For many, the word redirection translates to, “Uh oh—big trouble.” For some, the idea of a redirection can seem the equivalent of a dismissal, separation, or firing.
That’s a limiting perception. The job of managing people includes managing roles, goals, and day-to-day performance. Redirection is a part of that process.
In some ways it’s like flying airplanes where flight plans are set and frequent corrections in the air keep the airplane on course. The goal is a smooth flight that will arrive at the desired destination safely. But a surprise bout of turbulence may force the plane to change altitude to find smoother air space.
The same is true in the workplace. We all hope for a smooth ride in the course of achieving our goals but people sometimes experience turbulence and need “in-flight” corrections, too. This type of correction is what I call redirection.
A Closer Look at Redirection
A redirection is used for learners in a “can’t do” situation, not in a “won’t do” situation. With constantly evolving priorities, technology, and demands, many a worker is learning something new every day. Add in unclear vision, goals, or roles, and a worker can fall behind or make mistakes.
How should a new manager approach a person who needs redirection? Ken Blanchard shares a five-step process in his bestselling book, Whale Done! The Power of Positive Relationships.
Here are Ken’s five steps for redirection:
- Describe the error objectively, without blame and without drama. Example: “Your report was two hours late.” No eye-rolling, desk-pounding, or sarcasm. Just the facts.
- Describe the negative impact of the error. Example: “As a result, I had to cancel an important meeting because I did not have the data I needed in time.” Again, no emotion. Just the facts.
- If appropriate, take the blame for not being clear. Example: “I was giving you a lot of direction about several projects at once. Perhaps I wasn’t clear about the absolute deadline for your report.” This is an important step and can be a powerful, face-saving, loyalty-building action to take. It’s entirely possible that a new manager was not clear or specific enough.
- Go over the task or goal again. Example: “To be sure that I am clear this time, let me review with you what I need and when I must have it. I need….” It’s important to give very specific information and also to get agreement that what you are asking for is possible.
- Express continued trust and reaffirm your belief in the person’s abilities. Example: “Now that we have talked about this, I’m sure we’ll have no problem next time.” People need to know that an error will not permanently taint them.

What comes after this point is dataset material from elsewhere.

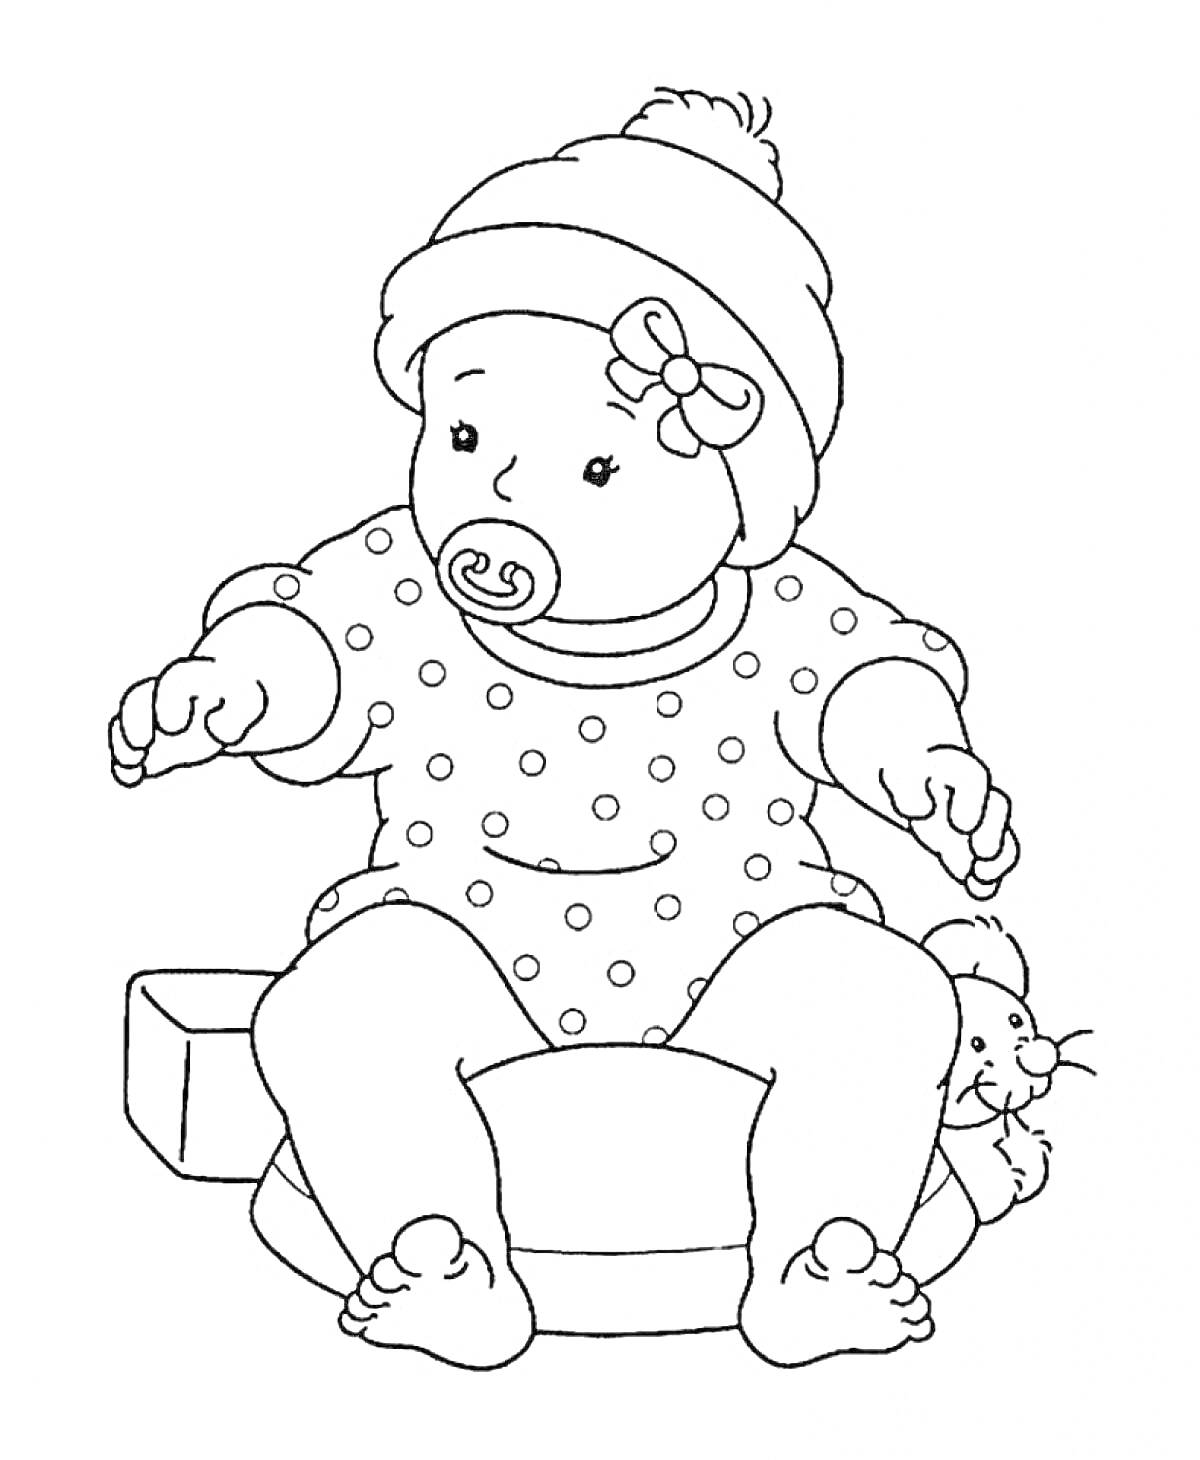 Кукла в горошковом комбинезоне с соской, шапкой, бантиком на голове, сидящая на стуле и держащая плюшевого мышонка

It’s normal to occasionally get off course—especially when you are learning a new skill or taking on new goals and projects. Redirection is a natural part of the process even though it can be uncomfortable at times. As Winston Churchill said, “I am always ready to learn, but I do not always like being taught.” When a correction is required, this 5-step redirection can get things back on track.
About the author:
Cathy Huett is Director, Professional Services at The Ken Blanchard Companies. This is the third in a series of posts specifically geared toward new and emerging leaders.
9 thoughts on “Redirection Redefined – 5 Steps to Stay on Track”
It always fascinates me that most people automatically assume redirection is a negative. To put it in the flight analogy, what if having to change altitudes actually results in a tailwind that gets you there quicker and with less fuel consumed?
That’s not a bad thing… that’s a great thing… but only if we have the courage and persistence to redirect without destroying our team in the process.
Thanks for making me think Cathy!
Thank you Bill for your comment. Perhaps the underlying problem is that our self esteem is fragile and we like to think we are pretty good at most everything we do. We don’t like hearing that something can be done better – or having to deliver that message to others. But with the courage you mention, a manager can take people to higher levels of performance – enhancing their self esteem in the process.
Considering the differences between a Low vs. High context culture and Task vs. Relationship trust oriented culture, are these 5 steps valid for all the different cultures?
If not, how these 5 steps should be modified or adapted according to the different culture?
Thank you Ivan for raising an interesting question about culture. In my experience and in my opinion the 5 steps to redirection are helpful to getting performance back on track in most situations. Keeping to the facts and avoiding assumptions, allegations, blaming, scolding or belittling makes for objective feedback. I believe that objective feedback followed by review of what needs to be done or corrected and ending with an affirmation of the person is pretty safe territory. Of course specific words, timing and details will need to reflect the culture.
Why would you want to modify this to be different in either a task or trust based environment? Don’t all employees benefit from clear objectives, constructive feedback and the occasional reminder of managerial trust in their abilities?
I asked that because during my MBA I’ve had the opportunity to meet people coming from different countries (Europe, Asia, Middle East,…) and thanks to such unique experience now I am aware about the relevance of handling different mindsets and culture in order to be more effective when communicating as well as avoiding threats coming from cross-cultural divergences.
Anyhow, as Cathy answered to me, keeping to the facts, avoiding assumptions and so on will avoid most of such situations and just in case trim the 5 steps according to the cultures and mindsets.
What would you trim? Which mindsets-cultures?